Um bombardeio massivo realizado pela Rússia durante a madrugada deste sábado atingiu a região de Kiev, resultando na morte de pelo menos quatro pessoas e deixando outras 15 feridas. Segundo o presidente ucraniano, Volodymyr Zelenskyy, o ataque utilizou uma combinação de 430 drones e 68 mísseis, tendo como alvo principal a infraestrutura energética da capital e áreas adjacentes. As defesas aéreas da Ucrânia conseguiram interceptar a totalidade dos mísseis e 402 drones disparados, mas os destroços e os impactos diretos causaram destruição em larga escala em quatro zonas da cidade.
O chefe da administração regional, Mykola Kalashnyk, informou que três dos feridos permanecem em estado crítico, com dois deles passando por cirurgias de emergência. O balanço preliminar aponta danos em pelo menos 30 locais, incluindo edifícios residenciais, escolas, empresas e instalações consideradas críticas para o funcionamento dos serviços essenciais. Além da região de Kiev, Zelenskyy confirmou que operações de resgate e limpeza estão em andamento nas províncias de Sumy, Kharkiv, Dnipro e Mykolaiv, evidenciando a amplitude da ofensiva russa em diferentes frentes do território ucraniano.
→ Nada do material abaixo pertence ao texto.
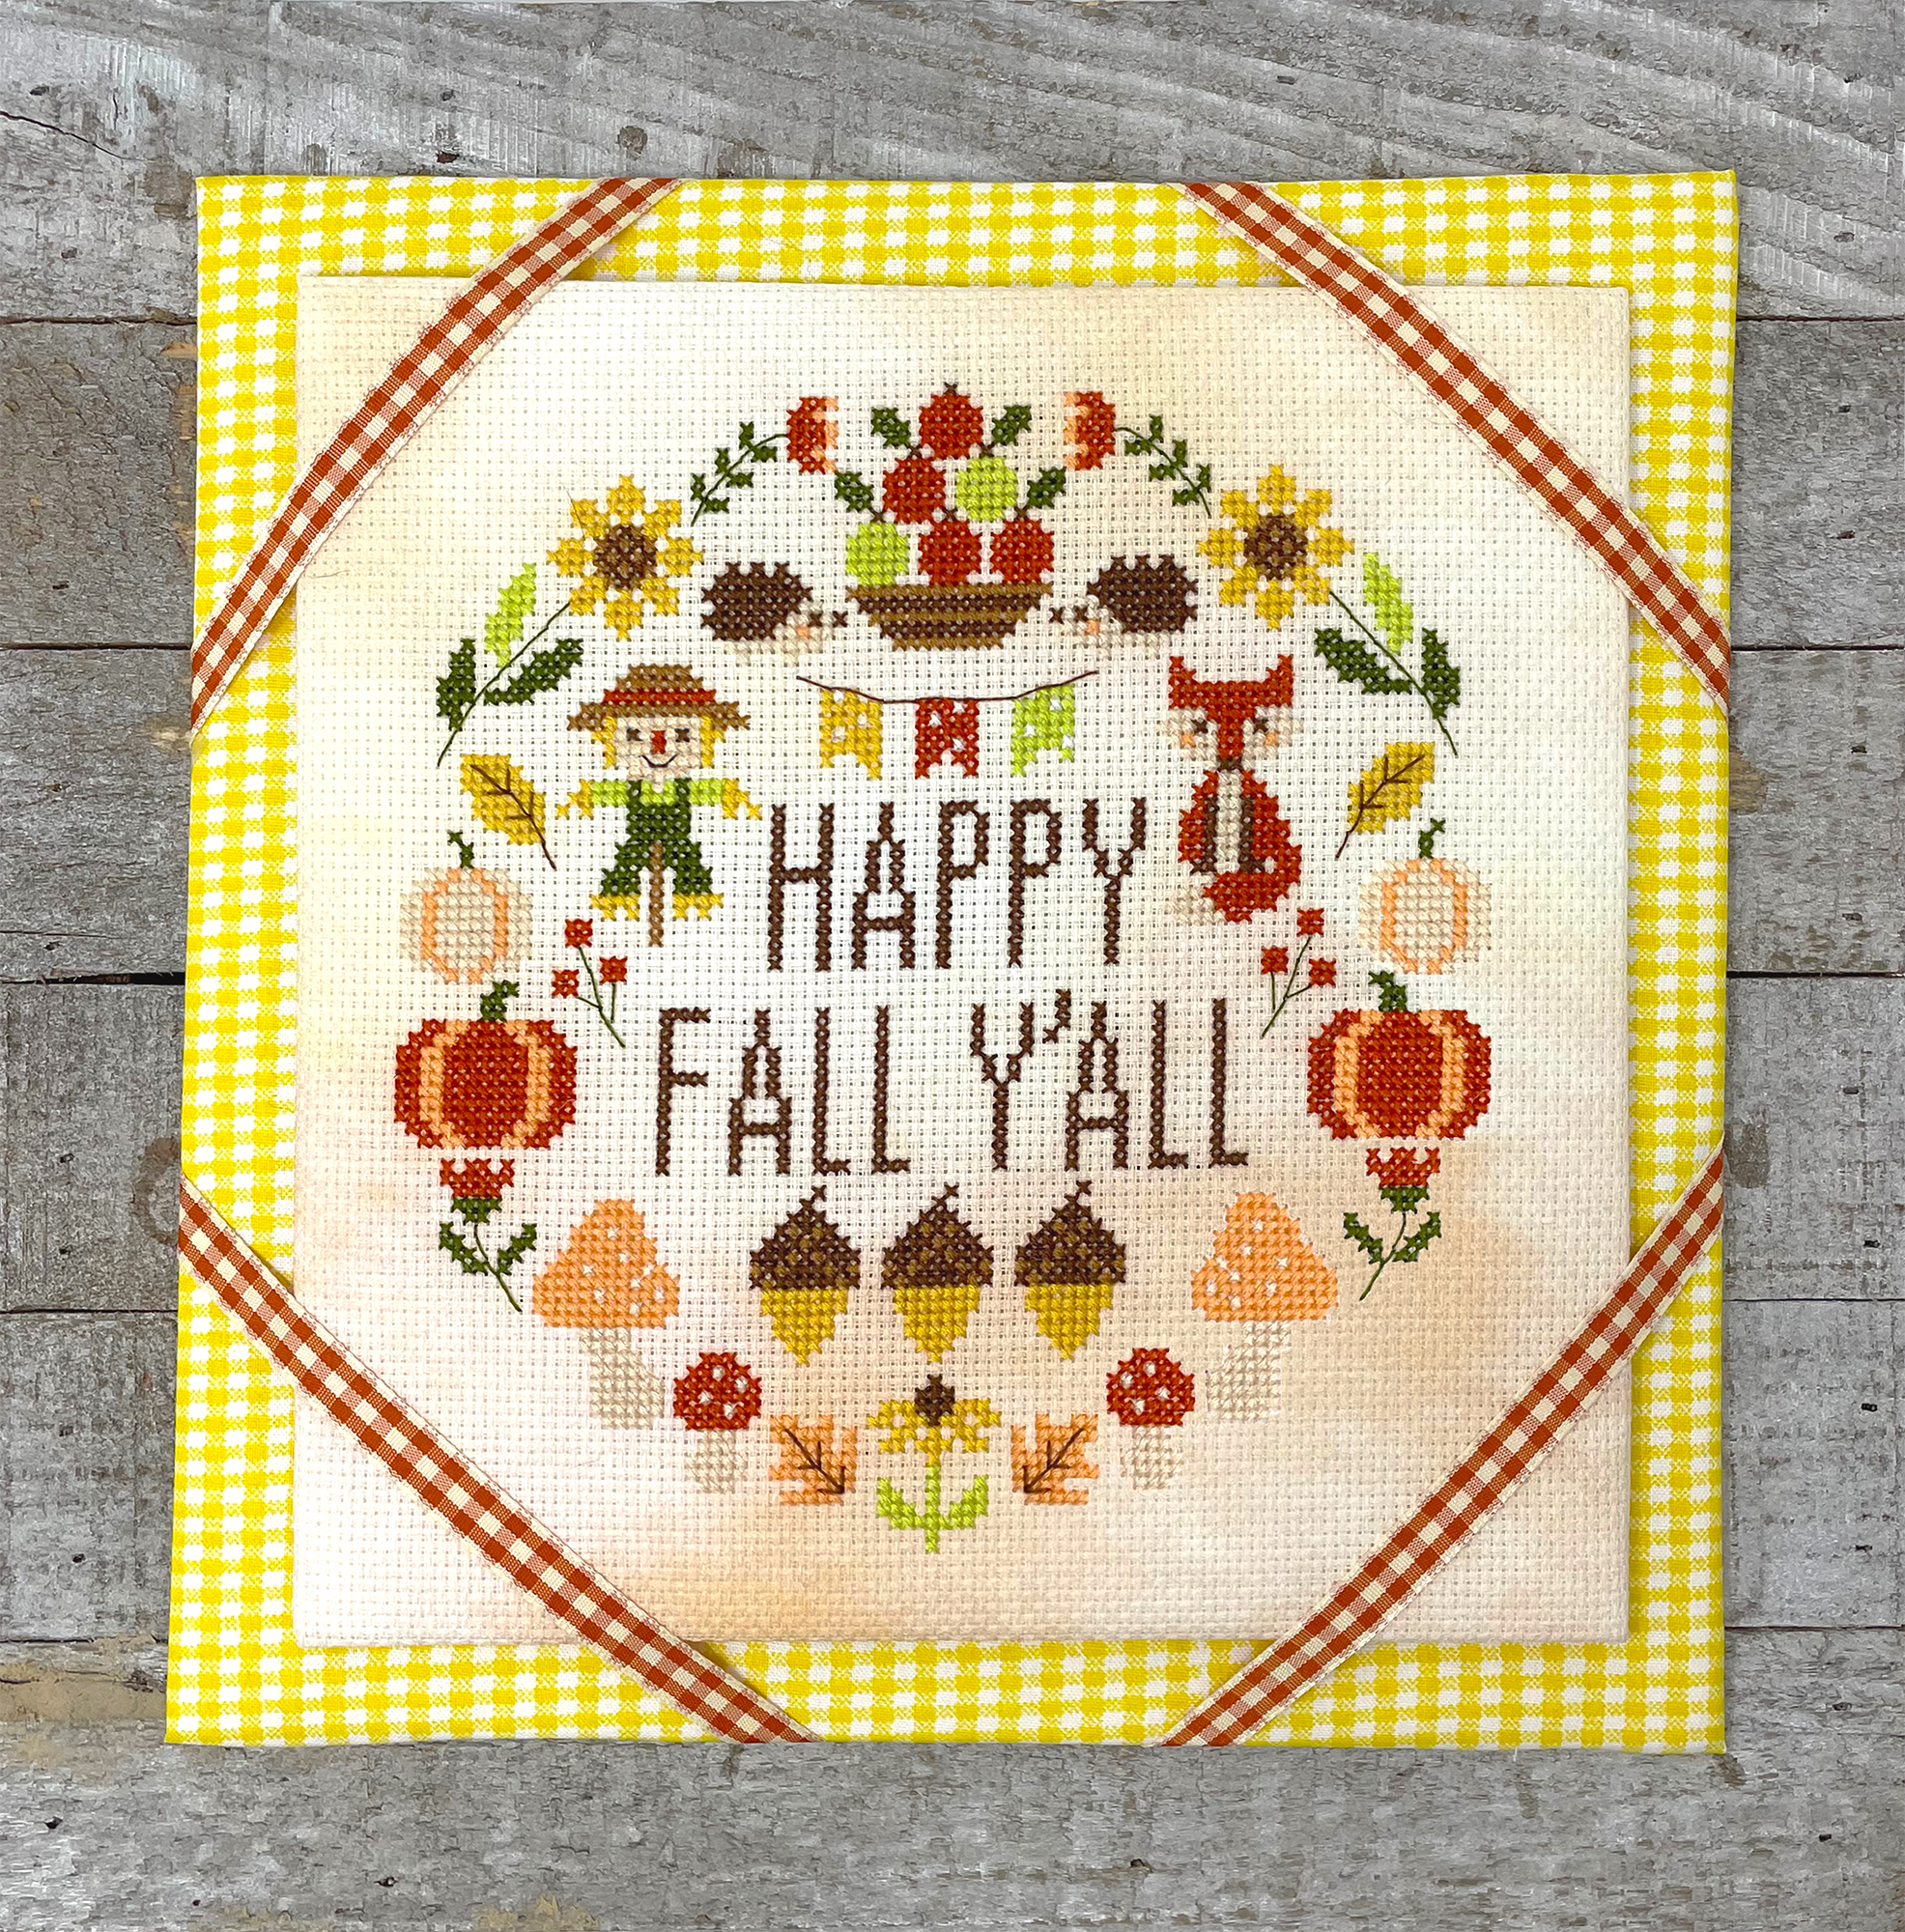 30 charming autumn cross stitch patterns to stitch today - Gathered
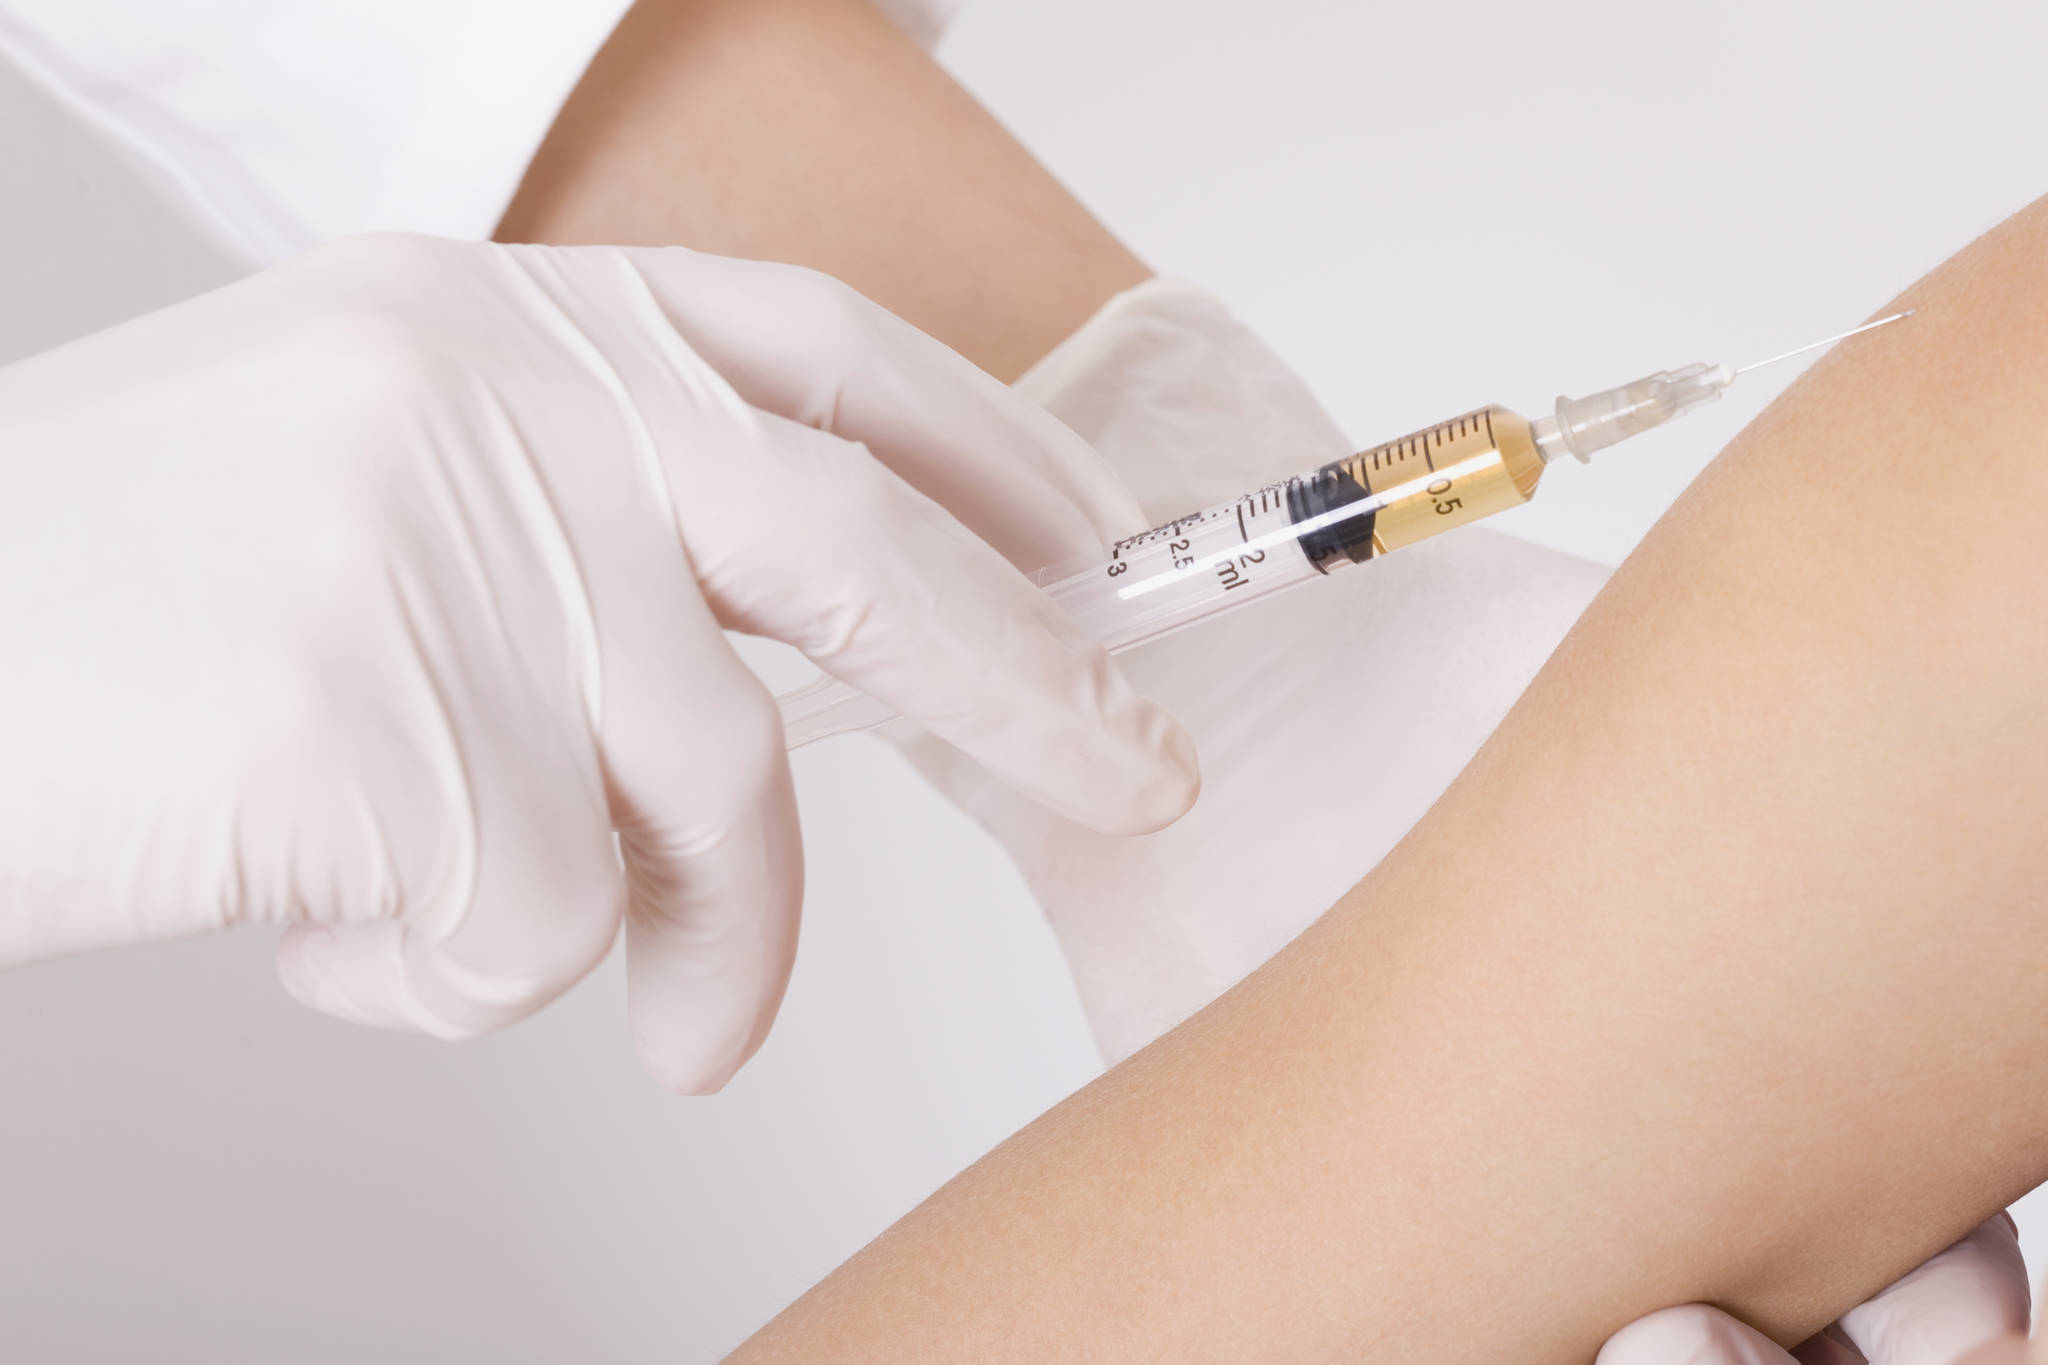 Kenai Public Health to host measles clinic on July 31

Por outro lado, o Ministério da Defesa da Rússia emitiu um comunicado afirmando que as incursões noturnas foram direcionadas exclusivamente a instalações energéticas e industriais que apoiam as forças armadas da Ucrânia, bem como a aeródromos militares. Enquanto o governo ucraniano denuncia o impacto severo sobre áreas civis e serviços básicos, Moscou mantém a narrativa de que os alvos possuíam natureza militar estratégica. A escalada ocorre em um momento de pressão renovada sobre o sistema elétrico da Ucrânia, que tem sido alvo recorrente de ataques visando desestabilizar o país.